> [TASK INSTRUCTIONS] Your answer must hold only the lines below from the line containing "Tiger Woods Ex" through the line containing "ASICS Womens Gel-1130", each reproduced exactly.

======

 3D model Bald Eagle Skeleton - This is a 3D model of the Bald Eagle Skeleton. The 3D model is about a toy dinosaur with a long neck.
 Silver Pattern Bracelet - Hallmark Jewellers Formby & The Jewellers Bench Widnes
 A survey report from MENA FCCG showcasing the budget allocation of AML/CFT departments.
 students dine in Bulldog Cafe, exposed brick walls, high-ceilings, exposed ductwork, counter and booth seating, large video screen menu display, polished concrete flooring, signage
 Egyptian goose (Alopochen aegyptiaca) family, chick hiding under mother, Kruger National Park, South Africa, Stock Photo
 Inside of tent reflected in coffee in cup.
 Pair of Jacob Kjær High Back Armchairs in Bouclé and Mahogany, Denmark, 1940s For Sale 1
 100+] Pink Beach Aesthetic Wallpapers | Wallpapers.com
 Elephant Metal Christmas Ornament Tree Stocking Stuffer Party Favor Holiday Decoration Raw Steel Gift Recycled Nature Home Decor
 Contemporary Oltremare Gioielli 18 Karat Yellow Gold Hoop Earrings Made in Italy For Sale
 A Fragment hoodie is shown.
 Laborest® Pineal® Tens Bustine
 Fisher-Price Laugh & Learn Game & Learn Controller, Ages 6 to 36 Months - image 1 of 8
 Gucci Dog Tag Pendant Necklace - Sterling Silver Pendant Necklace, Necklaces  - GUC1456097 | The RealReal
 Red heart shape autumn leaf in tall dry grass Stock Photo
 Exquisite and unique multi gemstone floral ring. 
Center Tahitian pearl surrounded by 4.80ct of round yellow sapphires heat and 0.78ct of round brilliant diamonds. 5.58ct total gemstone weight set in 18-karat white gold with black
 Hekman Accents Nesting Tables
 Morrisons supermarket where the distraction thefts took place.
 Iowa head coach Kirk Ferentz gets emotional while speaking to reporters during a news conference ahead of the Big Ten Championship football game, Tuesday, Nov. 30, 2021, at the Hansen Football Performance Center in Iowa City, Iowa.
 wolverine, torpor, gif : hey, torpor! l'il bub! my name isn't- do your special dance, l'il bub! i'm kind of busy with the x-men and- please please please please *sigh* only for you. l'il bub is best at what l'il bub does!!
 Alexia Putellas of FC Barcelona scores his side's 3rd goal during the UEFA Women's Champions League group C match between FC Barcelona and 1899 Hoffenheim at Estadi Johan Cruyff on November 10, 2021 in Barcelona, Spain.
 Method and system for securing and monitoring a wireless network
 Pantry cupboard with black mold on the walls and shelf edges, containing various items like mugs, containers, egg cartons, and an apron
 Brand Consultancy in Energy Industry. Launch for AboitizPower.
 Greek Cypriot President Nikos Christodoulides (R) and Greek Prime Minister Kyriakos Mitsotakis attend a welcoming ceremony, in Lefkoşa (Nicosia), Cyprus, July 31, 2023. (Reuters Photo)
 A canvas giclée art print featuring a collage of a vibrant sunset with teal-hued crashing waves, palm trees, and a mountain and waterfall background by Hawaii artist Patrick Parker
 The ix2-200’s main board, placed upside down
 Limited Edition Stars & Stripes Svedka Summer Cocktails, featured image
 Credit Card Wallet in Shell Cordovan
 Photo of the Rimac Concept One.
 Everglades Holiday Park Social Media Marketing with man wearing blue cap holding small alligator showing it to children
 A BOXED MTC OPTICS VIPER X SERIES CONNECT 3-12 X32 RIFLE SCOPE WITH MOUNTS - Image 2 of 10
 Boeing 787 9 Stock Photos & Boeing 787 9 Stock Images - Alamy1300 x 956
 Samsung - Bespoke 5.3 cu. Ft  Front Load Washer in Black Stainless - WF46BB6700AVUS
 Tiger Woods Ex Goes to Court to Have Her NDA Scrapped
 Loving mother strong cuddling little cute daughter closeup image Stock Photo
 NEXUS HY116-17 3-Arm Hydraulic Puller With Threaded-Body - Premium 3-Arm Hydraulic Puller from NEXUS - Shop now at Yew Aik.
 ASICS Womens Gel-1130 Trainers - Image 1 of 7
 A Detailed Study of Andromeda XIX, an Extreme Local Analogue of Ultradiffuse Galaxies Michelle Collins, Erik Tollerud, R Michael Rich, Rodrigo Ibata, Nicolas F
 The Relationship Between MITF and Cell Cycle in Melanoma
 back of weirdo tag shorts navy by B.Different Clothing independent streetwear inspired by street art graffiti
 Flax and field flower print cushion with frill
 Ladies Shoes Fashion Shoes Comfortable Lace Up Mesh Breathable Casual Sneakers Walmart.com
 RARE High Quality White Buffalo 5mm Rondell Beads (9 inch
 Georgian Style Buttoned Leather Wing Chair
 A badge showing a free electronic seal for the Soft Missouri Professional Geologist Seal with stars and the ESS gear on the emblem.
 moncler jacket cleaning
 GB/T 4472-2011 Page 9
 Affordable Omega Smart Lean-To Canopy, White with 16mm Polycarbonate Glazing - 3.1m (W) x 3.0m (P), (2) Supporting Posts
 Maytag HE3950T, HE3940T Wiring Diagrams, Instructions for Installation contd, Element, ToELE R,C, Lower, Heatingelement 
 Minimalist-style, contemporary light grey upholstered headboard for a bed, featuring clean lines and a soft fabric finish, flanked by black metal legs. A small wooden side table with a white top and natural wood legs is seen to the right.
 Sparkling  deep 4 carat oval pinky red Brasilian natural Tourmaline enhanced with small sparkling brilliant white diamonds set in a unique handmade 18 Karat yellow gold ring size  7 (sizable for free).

======

> [WRITTEN RESPONSE]
 Tiger Woods Ex Goes to Court to Have Her NDA Scrapped
 Loving mother strong cuddling little cute daughter closeup image Stock Photo
 NEXUS HY116-17 3-Arm Hydraulic Puller With Threaded-Body - Premium 3-Arm Hydraulic Puller from NEXUS - Shop now at Yew Aik.
 ASICS Womens Gel-1130 Trainers - Image 1 of 7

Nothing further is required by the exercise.